▶ **Task details**
Although the data holds pictures, return only the lines from the one containing "April Shane O'Neill" to the end, exactly, and without them.

Segment Start: Given information

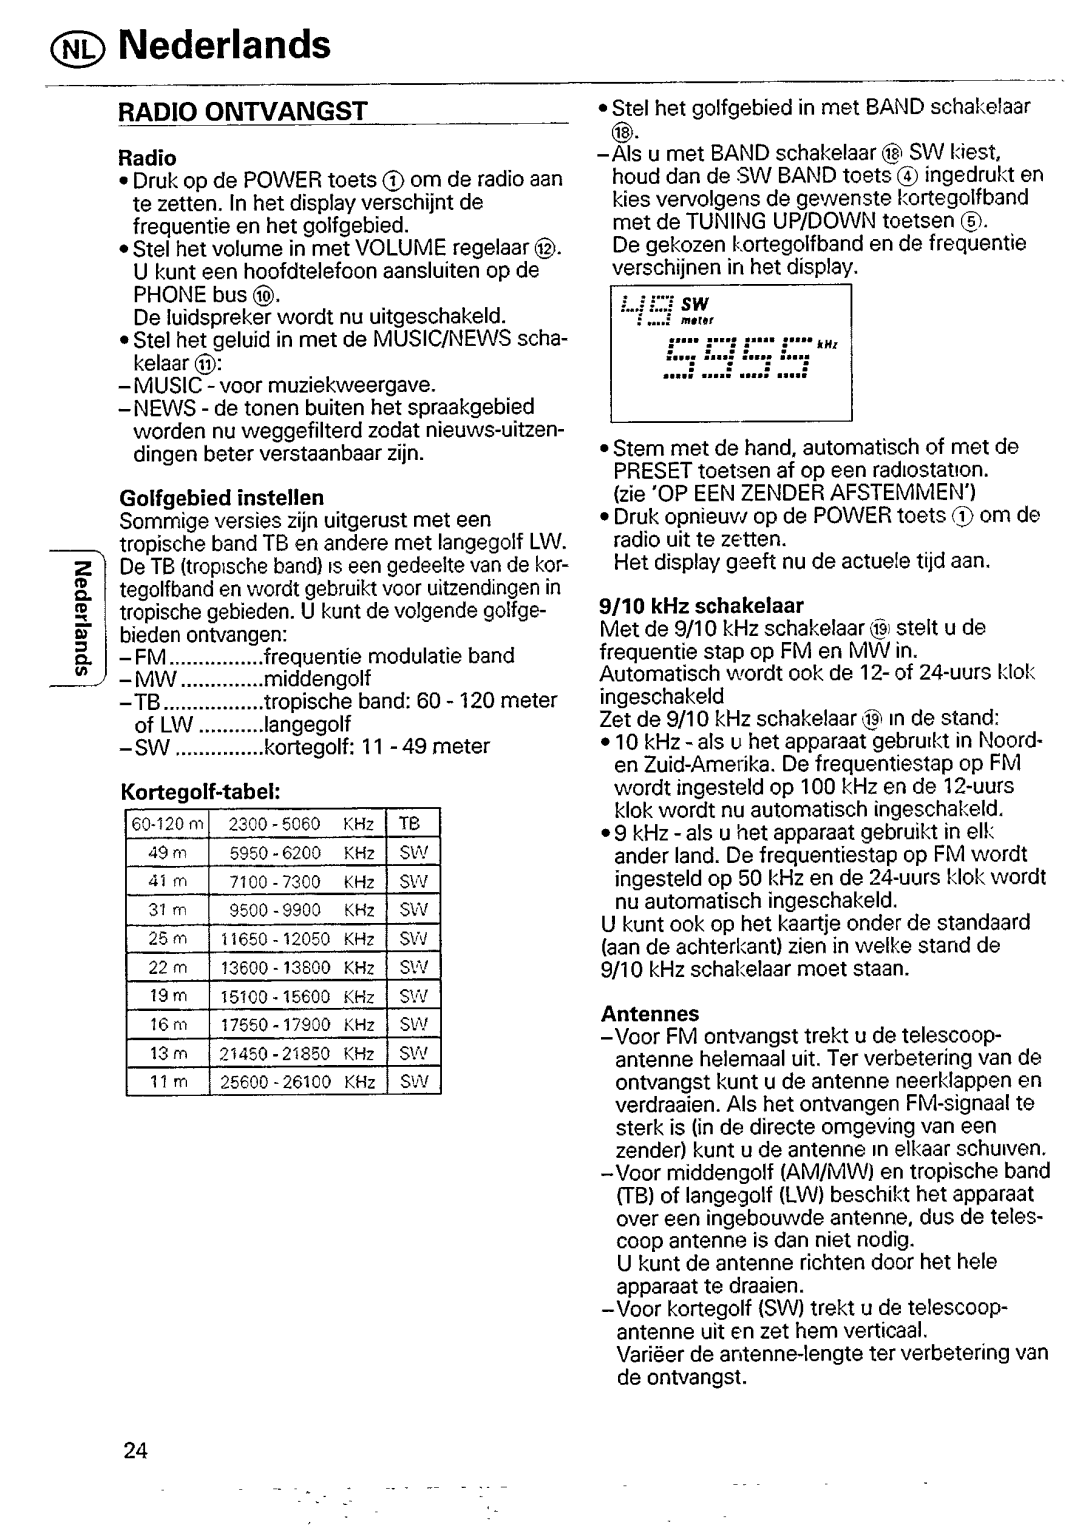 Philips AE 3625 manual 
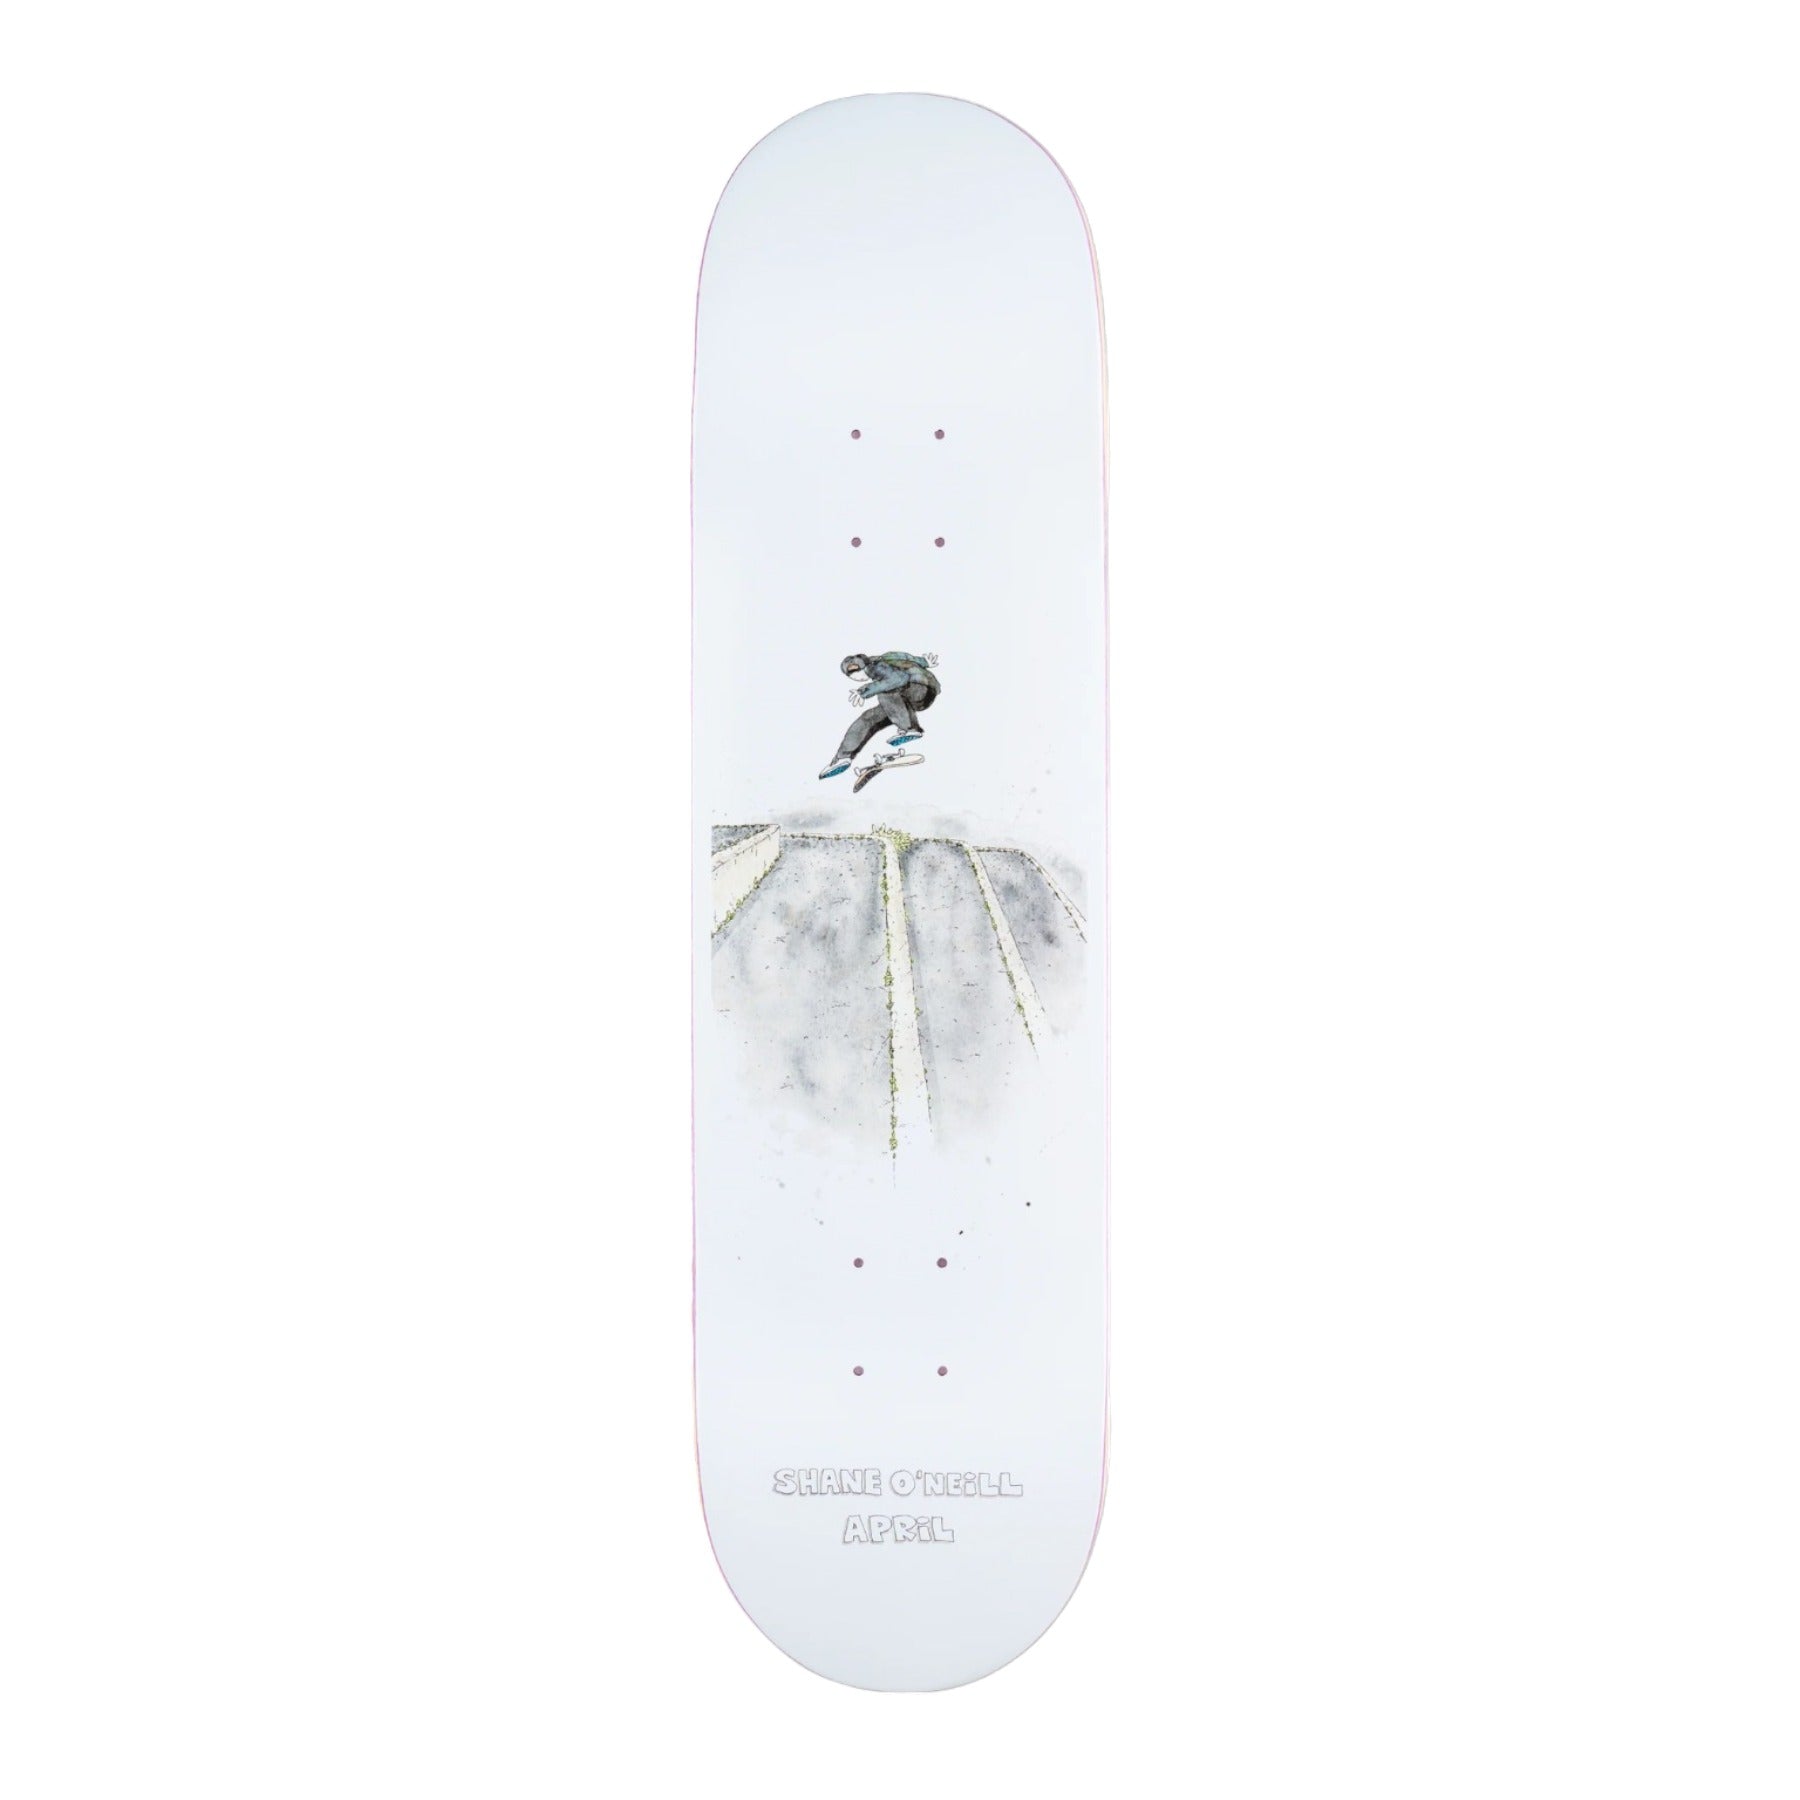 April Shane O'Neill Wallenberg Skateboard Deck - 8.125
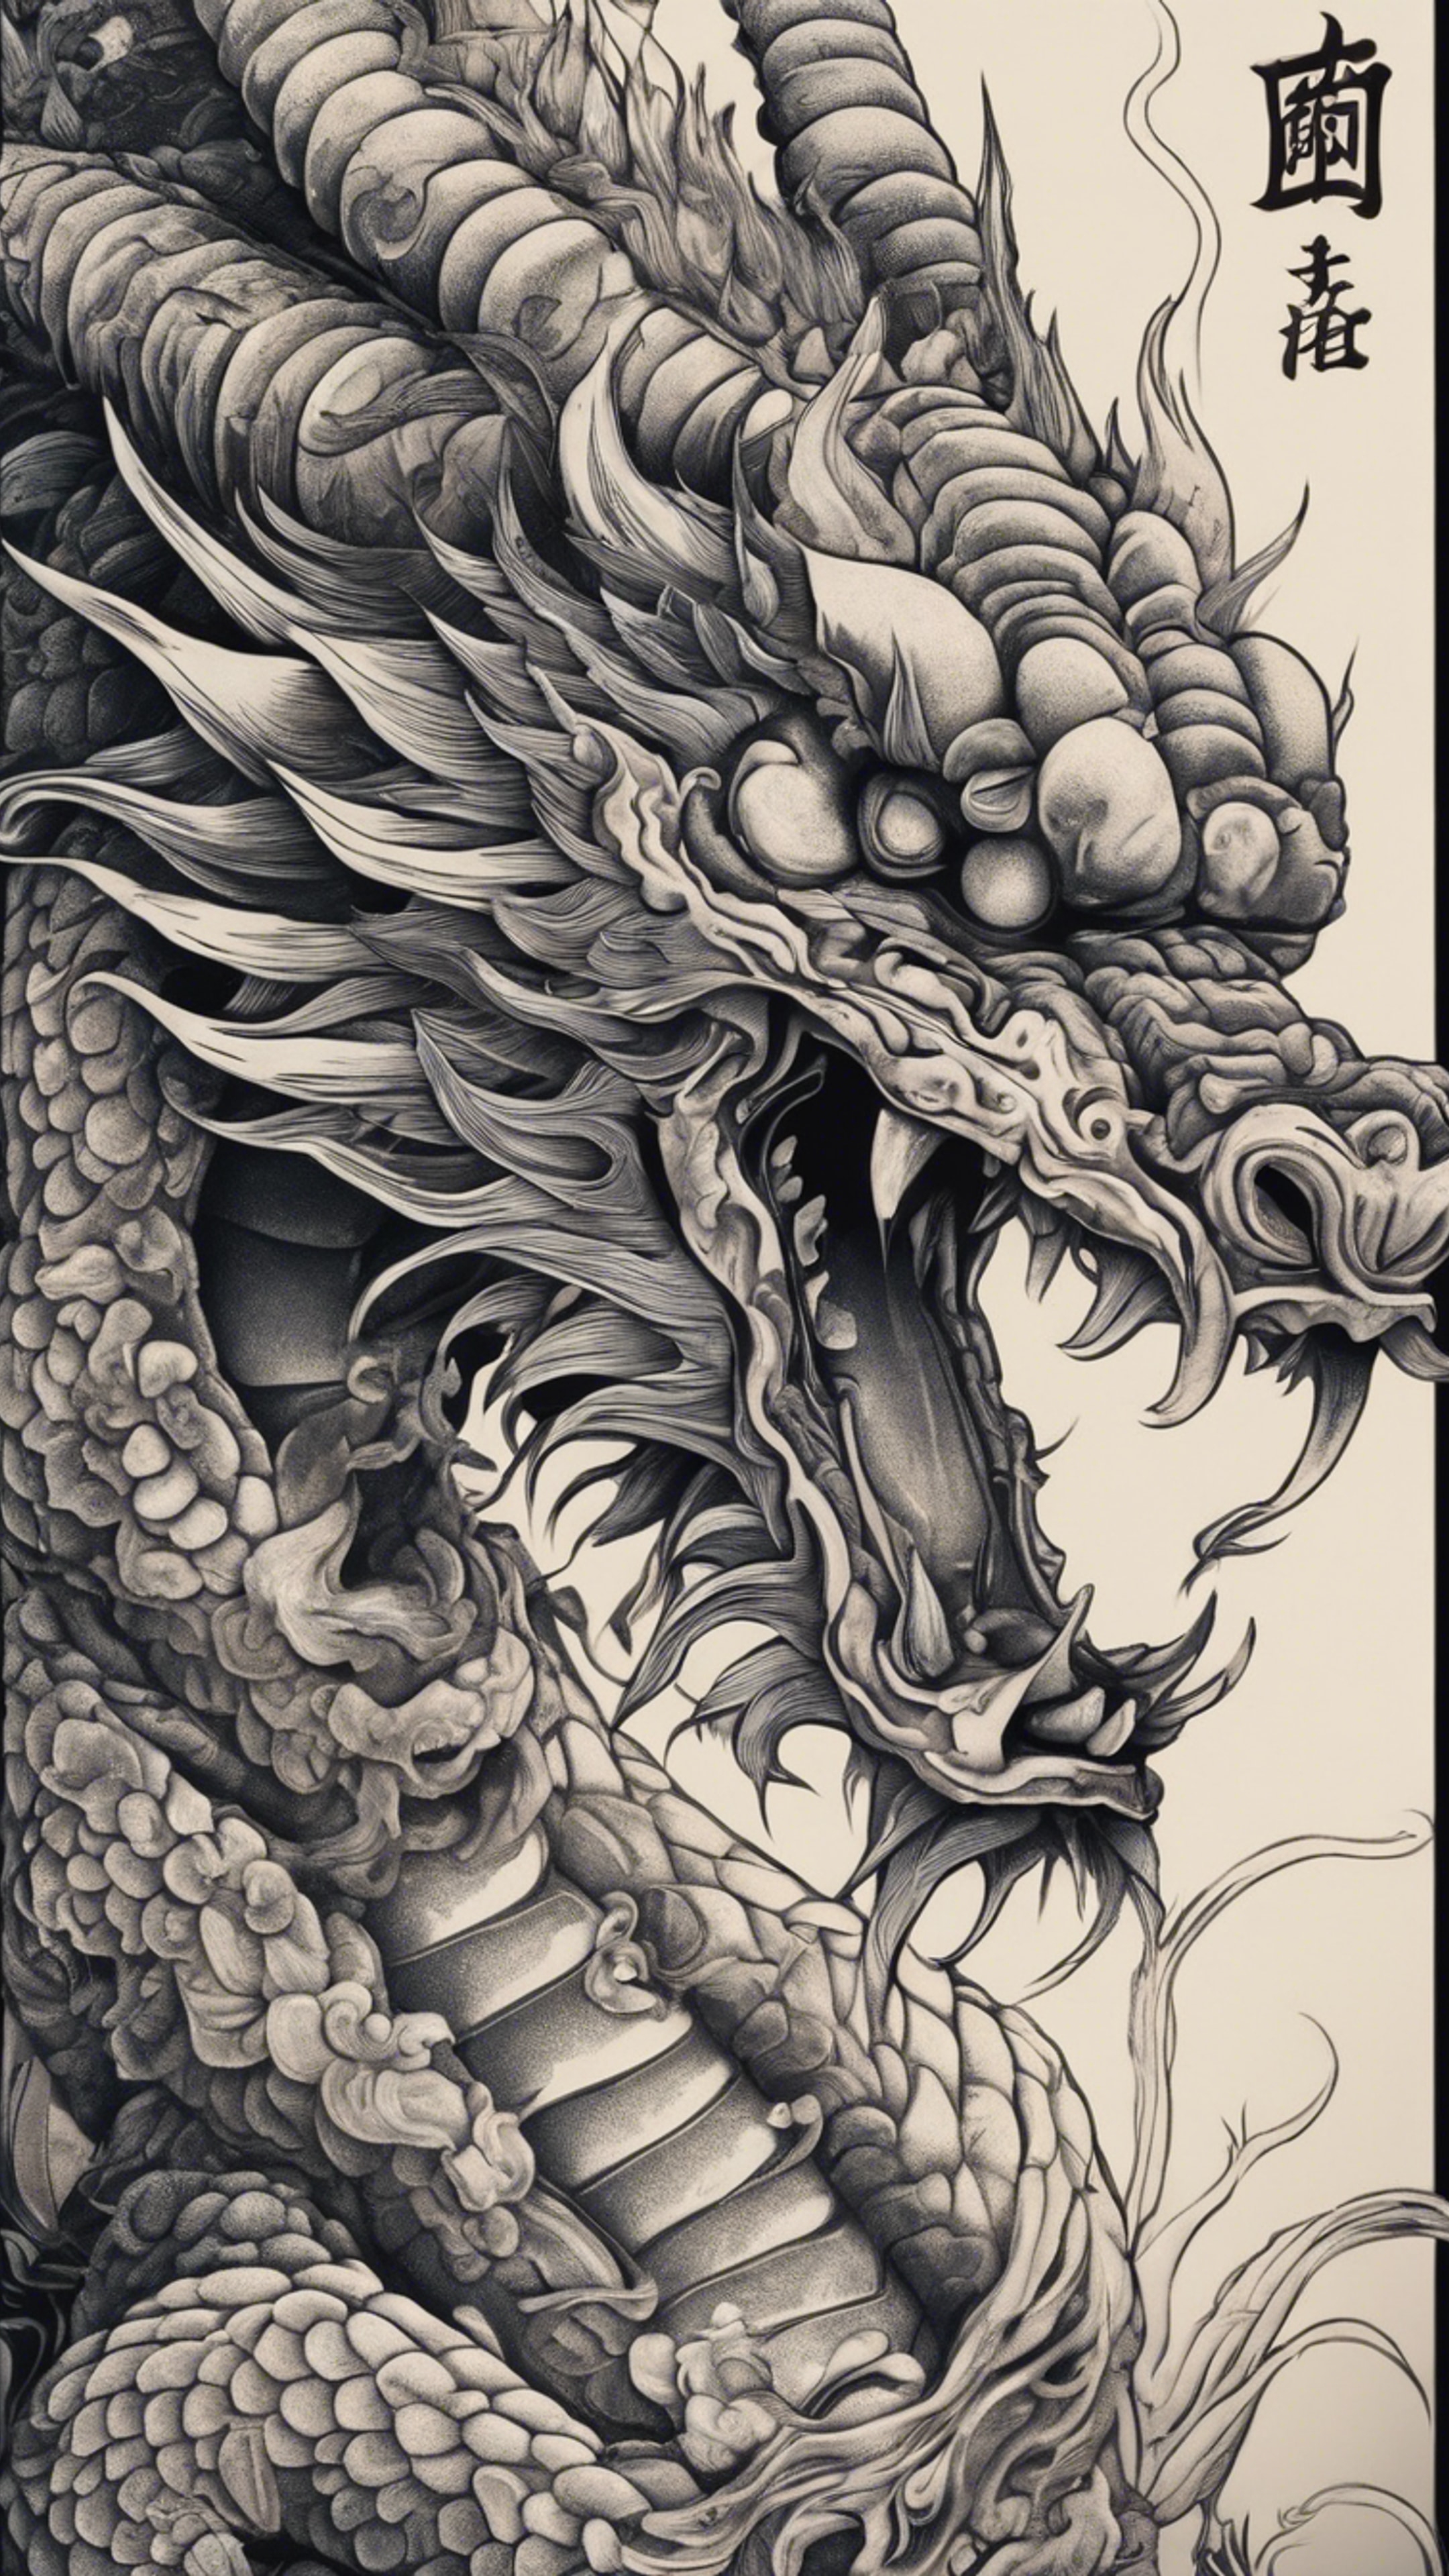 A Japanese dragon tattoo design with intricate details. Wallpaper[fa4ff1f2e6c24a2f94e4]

Segment End: Given information

▶ **Completed task**
 April Shane O'Neill Wallenberg Skateboard Deck - 8.125
 A Japanese dragon tattoo design with intricate details. Wallpaper[fa4ff1f2e6c24a2f94e4]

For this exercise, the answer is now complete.